Do not send warning messages to stdout! If you do this, the warnings
will be mixed in with the normal output, and so the output files won't
match. Instead, send the messages to standard error using
fprintf(stderr, "Warning: ...", ...)
instead of
printf("Warning: ...", ...)
which sends the message to stdout. fprintf() is called just like
printf(), but takes the stream to send the output as the first argument.
In the Windows world, lines in text files end with the sequence \r\n
(carriage-return, linefeed), whereas in Unix/Linux they end in \n
only. Please be aware of this if you edit text files on Windows. You
can hand-edit your files with emacs on Unix/Linux to remove the
offending carriage returns, or you can run your file through the lexer
generated by this flex program:
%%
\r\n putchar('\n');
%%
int main()
{
yylex();
return 0;
}
(You compile lex.yy.c using the -lfl switch.)
This is a great command! Use it to inspect the contents of a file.
For example,
od -c mytextfile
lists each byte of the text file in a readable way. This is
especially useful to determine the presence and nature of whitespace
in your file, which is often hard to do when viewing your file in some
editors. Other switches give other output formats. Type
man od
for more information.
Below are just my recommendations. Your mileage may vary.

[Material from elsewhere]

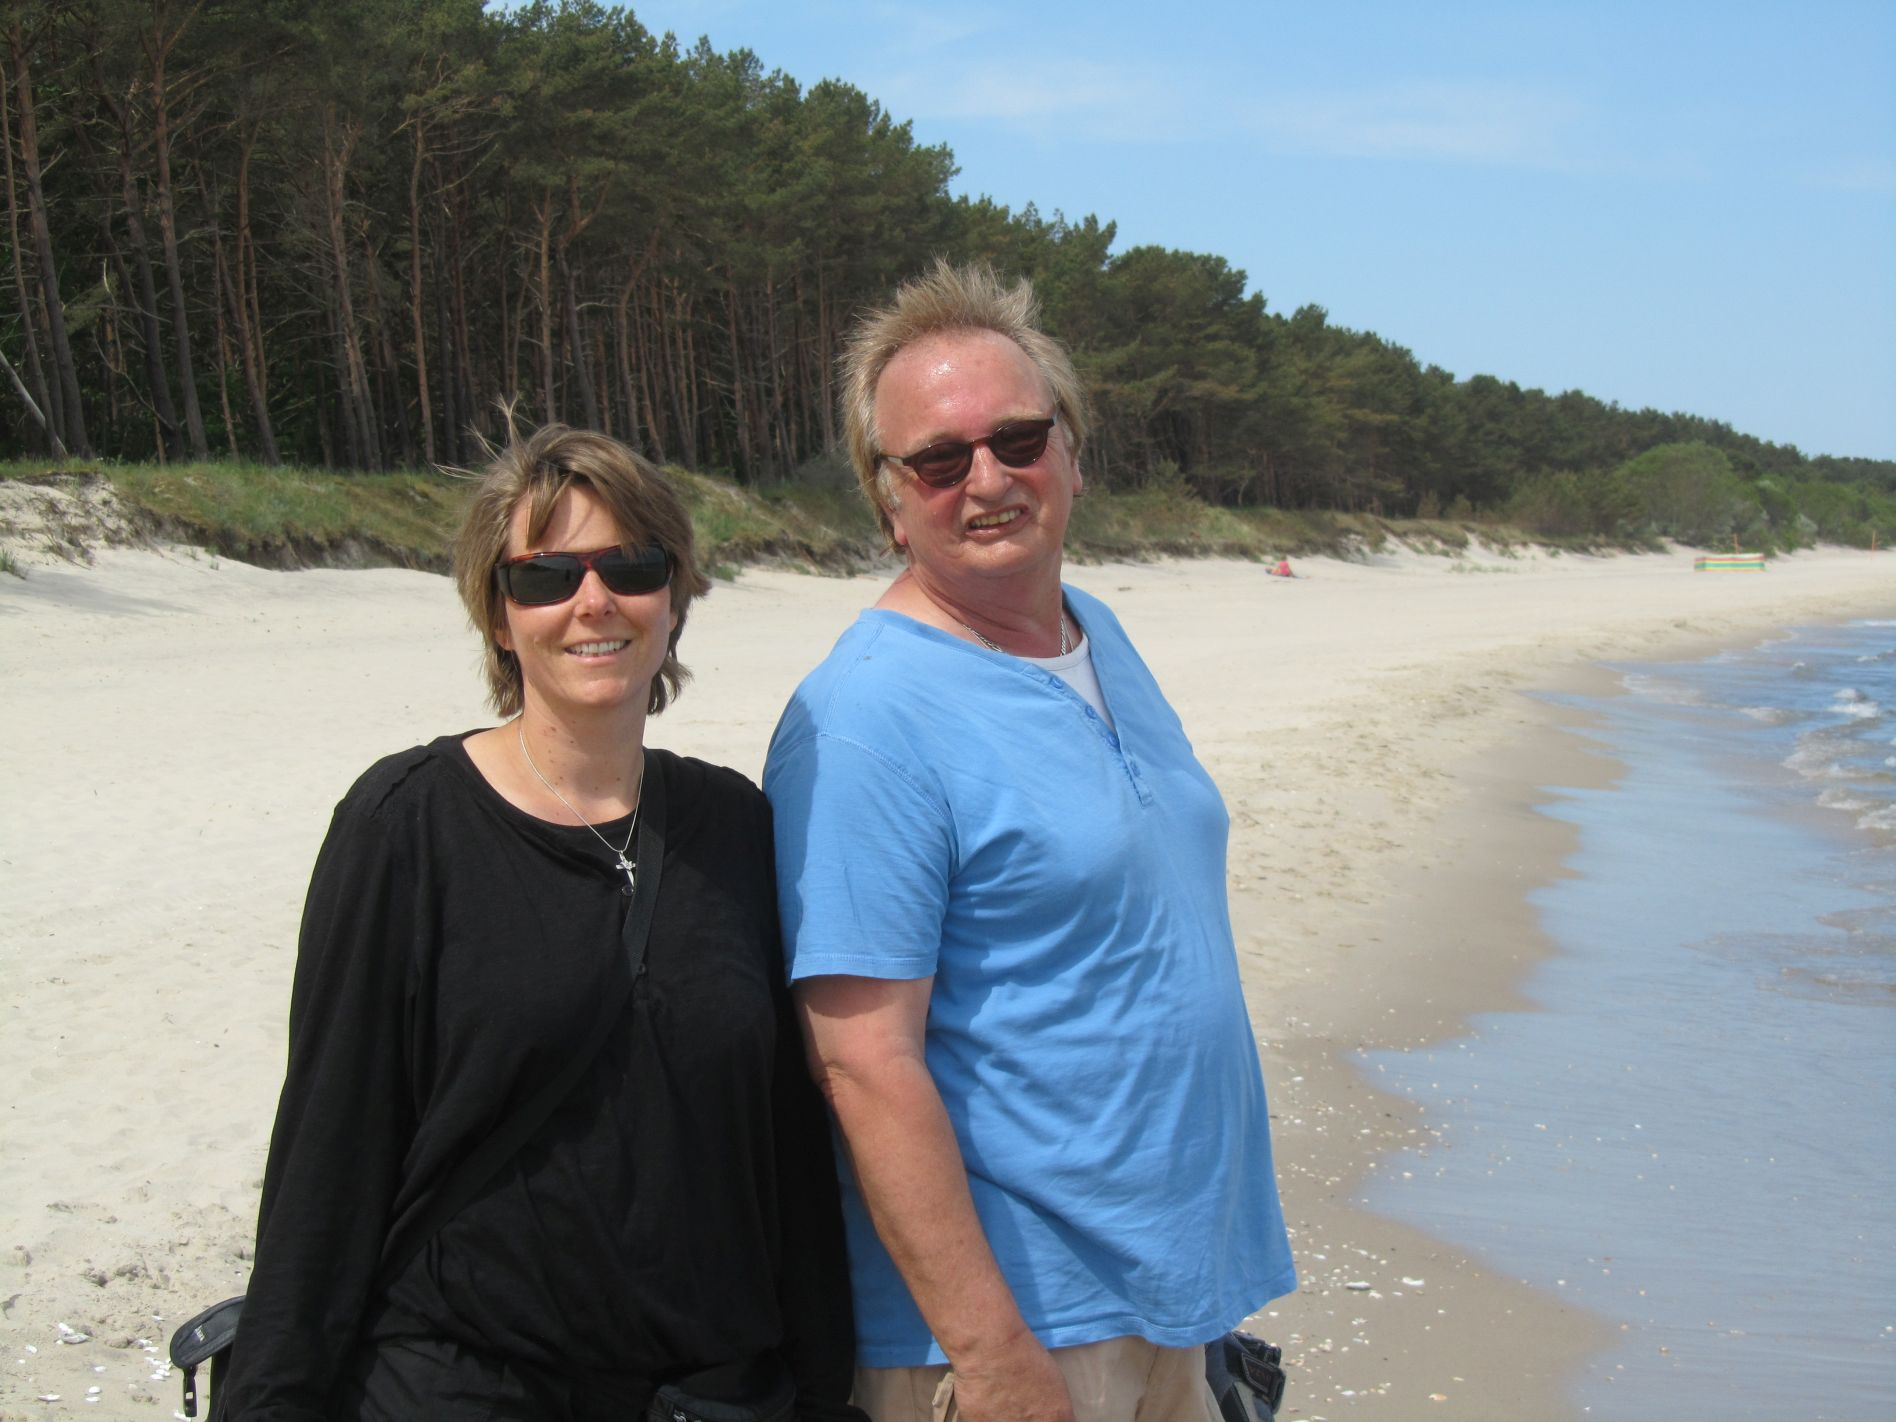 Dunja und Stephan am Strand auf Usedom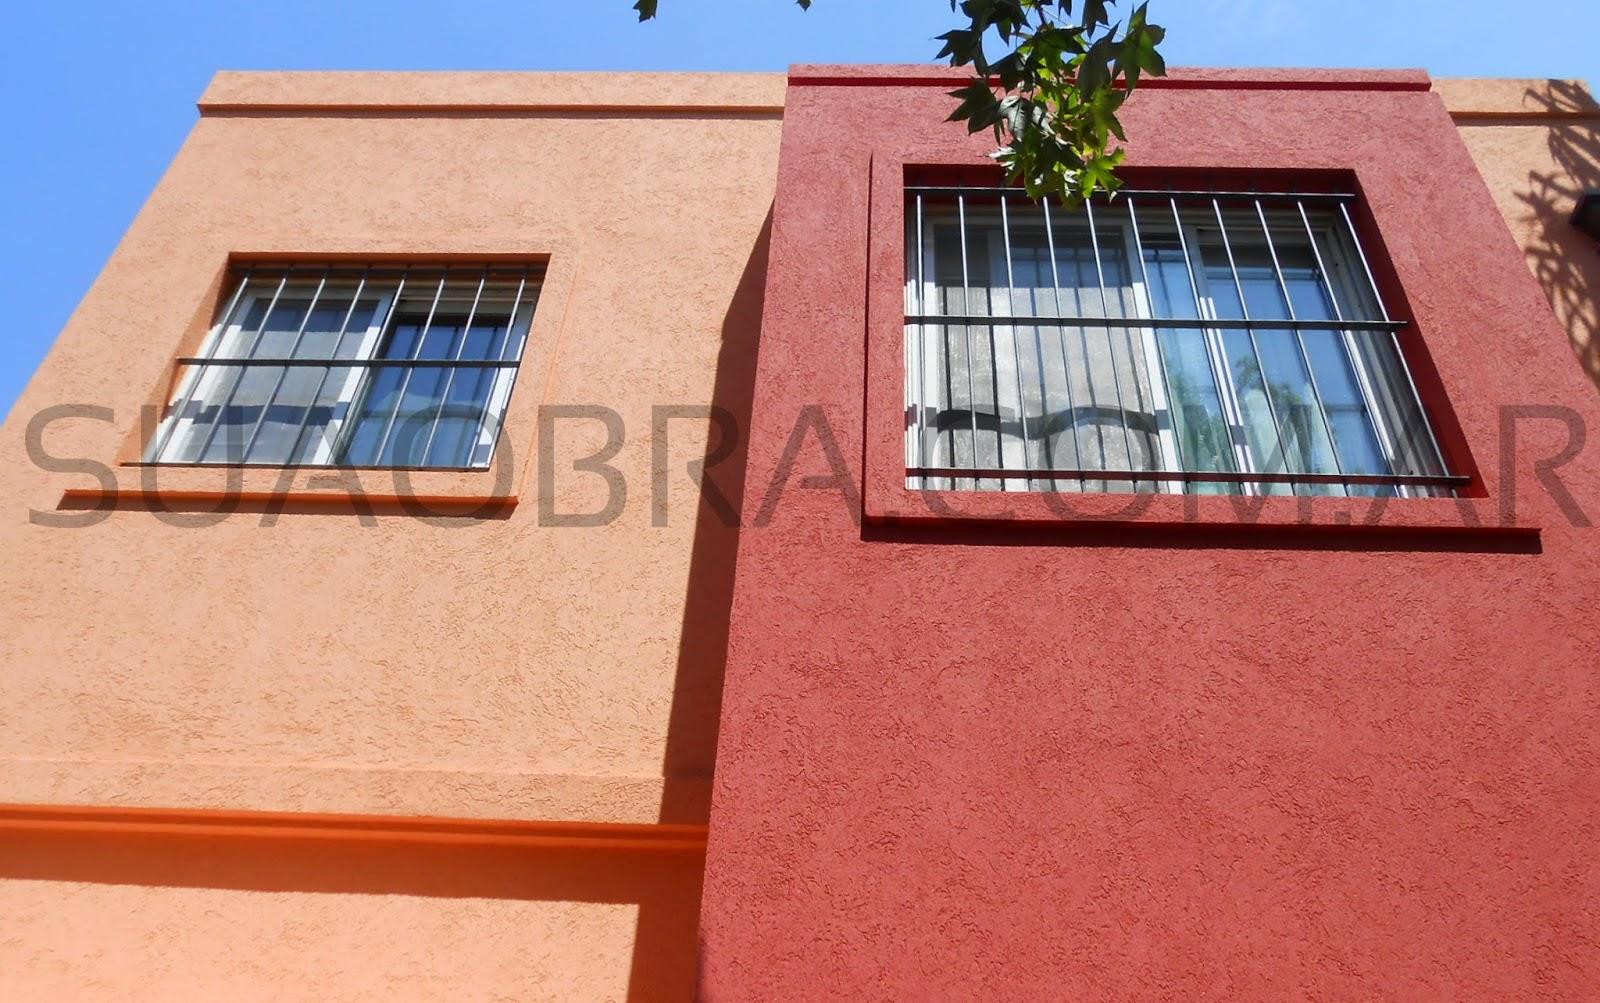 Revoque pl stico exterior de paredes colocaci n - Revestimientos exteriores para casas ...

First, run the C preprocessor (gcc -E) on the various test files and see what happens. Then look at and test the sample flex programs I made available to you (see the next section).
Implement the flex pattern matcher next, because this is probably the least familiar to you. To start with, you can have trivial actions that maybe just print the texts of the matches. This will allow you to test whether you've got your rules correct. You'll need rules for matching #define directives or their individual components, as well as a rule for finding identifiers in the rest of the code.
Next, implement the dictionary, including routines for searching for, adding, and updating an entry, as well as checking for, marking, and unmarking cycles. Please, please, PLEASE make every attempt to implement this data structure from scratch. That way, you will learn the C programming techniques that are most important for the main project to come.
To help you get more of a feeling for using flex, I have provided two
sample flex programs, with Makefiles, used in previous classes in the
subdirectories "wordcount" and "tokens". The latter was taken directly from the flex tutorial
(see "info flex" above). Copy each directory to one that you own.
For the tokens program, type "make", then
./tokens sample.pas
and observe the output. For the wordcount program, type "make", then
./wordcount
then type a few lines of text, ending with ctrl-D on a line by itself
(ctrl-D provides an end-of-file marker for keyboard input).
When done testing, type "make clean" to remove automatically generated files before you submit.
You are free to adapt and modify either of these programs for your homework without citation.